I have pcap files generated through the NI XNET driver (with an NI-8623 module) with protobuf data from a customers ADAS ECU. I can view the data in Wireshark correctly (information on how to configure Wireshark to do this is below). For this test I have copied the data field of one of the protobuf frames, and pasted it as my non-simulated data in "bug demo.vi" (screenshot below)

The original pcapng file is also included in the same folder as "bug demo.vi"

When I run the vi and select Sim, I get no errors and the Unpacked data is valid.

When I turn Sim off, I get an error from the dll and the Unpacked data is just default values.

Configure Wireshark for Protobuf

In proto.zip there is a set of proto files from the customers ECU. Below is a description I wrote for the customer to show how to configure Wireshark to show the protobuf frames. This will be the easiest way to see the data that should be shown in the vi.

Go to Edit >> Preferences, and in the left panel there is a drop down list for Protocols. Find Protobuf in there.

Click on Edit Protobuf Search Paths, and add the directory on your PC as a source directory. For reference, I took the proto files used in my PoC work, and used them, with one of the additional Google proto files downloaded from Github. I’ve attached these as a zip to avoid confusion.

Then click on Edit Protobuf UDP message types, and add port 8204 with the message type MDC_Payload. Exit the dialogs.

You should then be able to load up a pcapng file from XNET. In the display filters box at the top type protobuf – this will limit the displayed results to only packets that have protobuf data.

For each packet, you should now be able to drill down into the Protocol Buffer section of the middle pane, and view your signal data.

shivaprasad-basavaraj commented 2 years ago

@phorn-NI I debugged this issue and found that it is an invalid entries in the protobuf data that is tripping up grpc-labview. Specifically, the data after the tail as shown below.

tail is the last entry in MDC_payload and I am not sure why we are getting these additional data from the ADAS ECU after all the data for the MDC_Payload itself. These data values are not recognized as part of the serialized data for MDC_Payload and hence we wouldn't know how to process them.

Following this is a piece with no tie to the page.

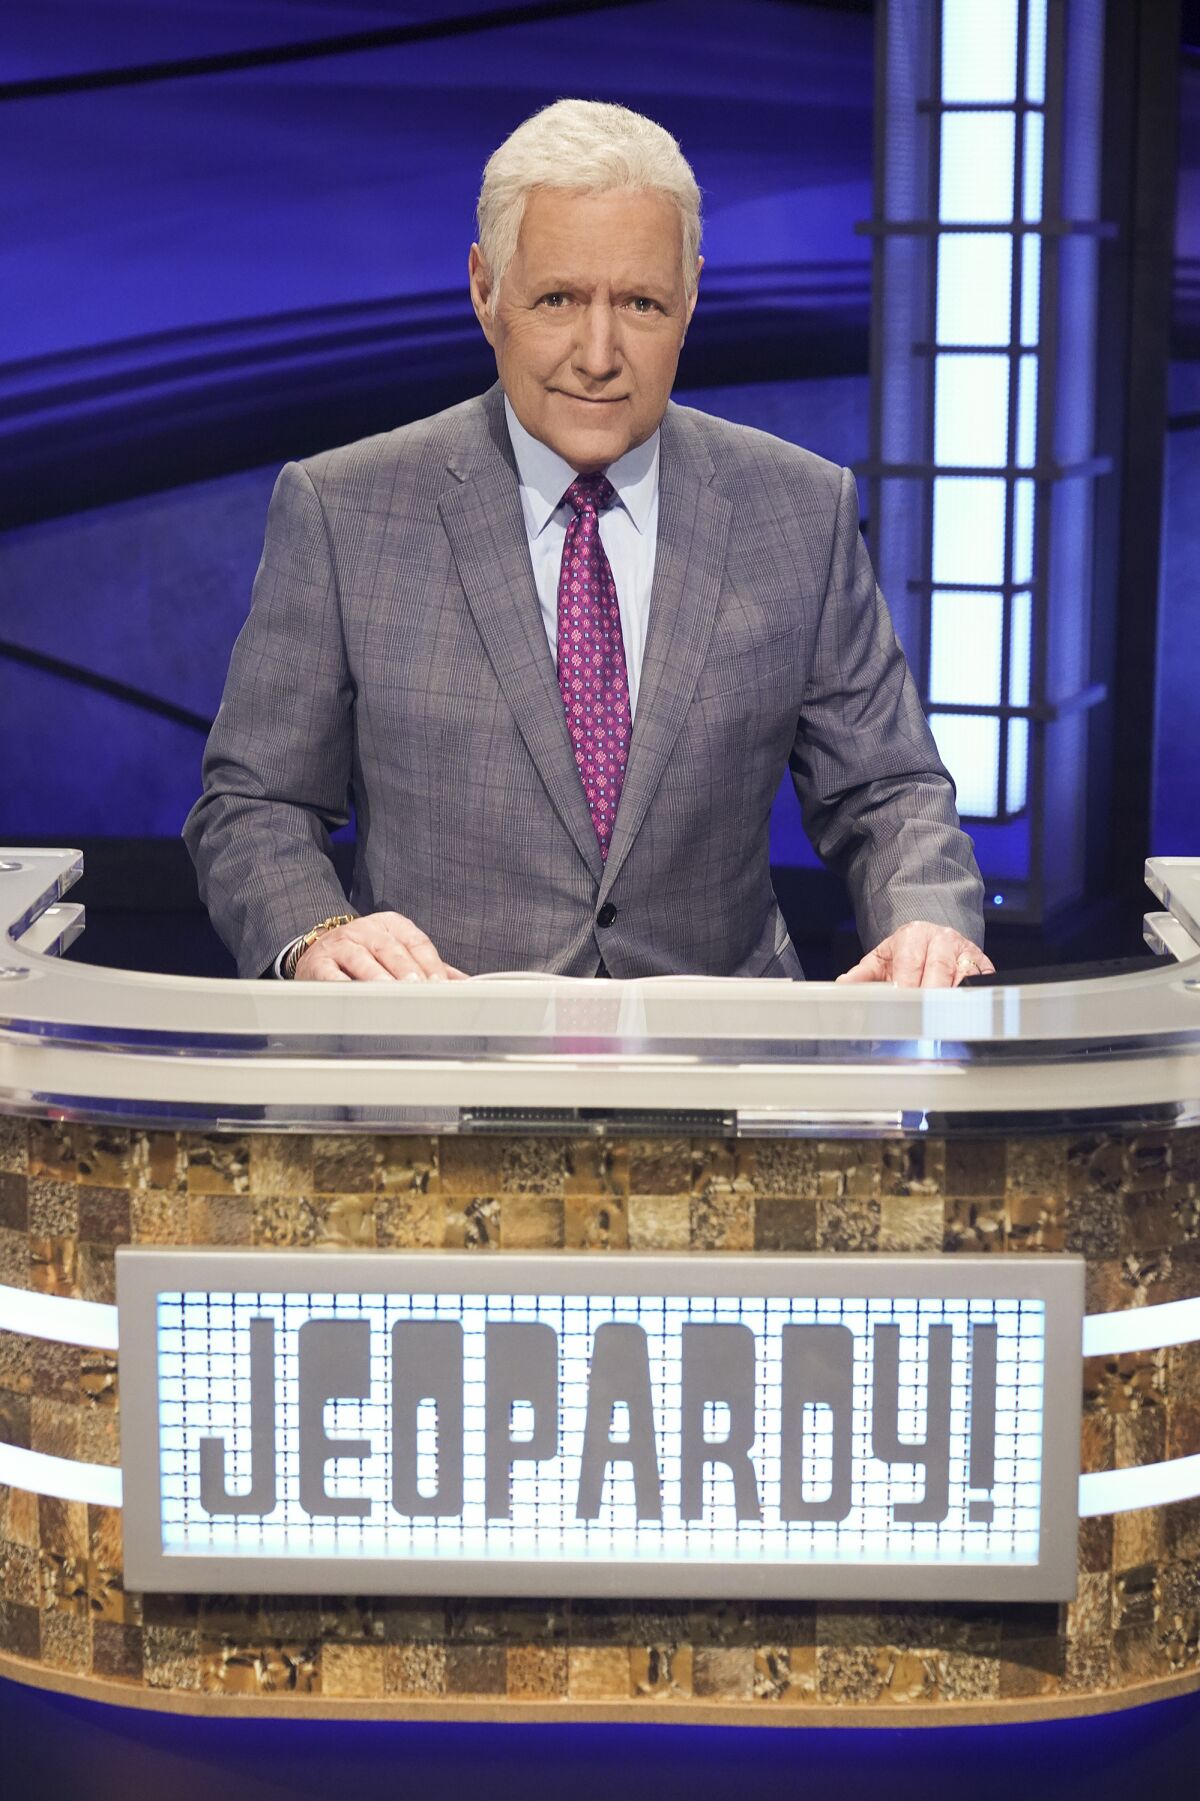 Alex Trebek's upcoming memoir will be published by Simon & Schuster on July 21.

We could probably ignore these bits of data and not cause the errors you are seeing. I will take a look at how situations like these are handled by protobuf in other languages and see what we could do in grpc-labview.

P.S. We need to ignore the first four bytes the UDP data since they are not part of the serialized data for MDC_Payload.

phorn-NI commented 2 years ago

Thanks @shivaprasad-basavaraj , I will ask the customer about the extra data at the end.

I remember now that the 4 bytes at the start is a header field. Currently it is mostly blank, but the very first byte (02 in the packet shown below) is the payload type. 02 means it is MDC_Payload so we can deserialise it correctly - there are 4 other potential types which will have a different serialisation structure (but for our purposes we can just ignore the frame if the first byte is not 02)

shivaprasad-basavaraj commented 2 years ago

@phorn-NI I tried writing these bytes to a file and then using generated code for the proto file in C# to try to deserialize it as an MDC_Payload object. I ran into an exception with this data in C# as well. The problem is that gRPC cannot make any sense of these bits after the tail entry. We cannot even treat them as unknown fields since they don't prescribe to the protobuf format and we cannot get information out such as data type.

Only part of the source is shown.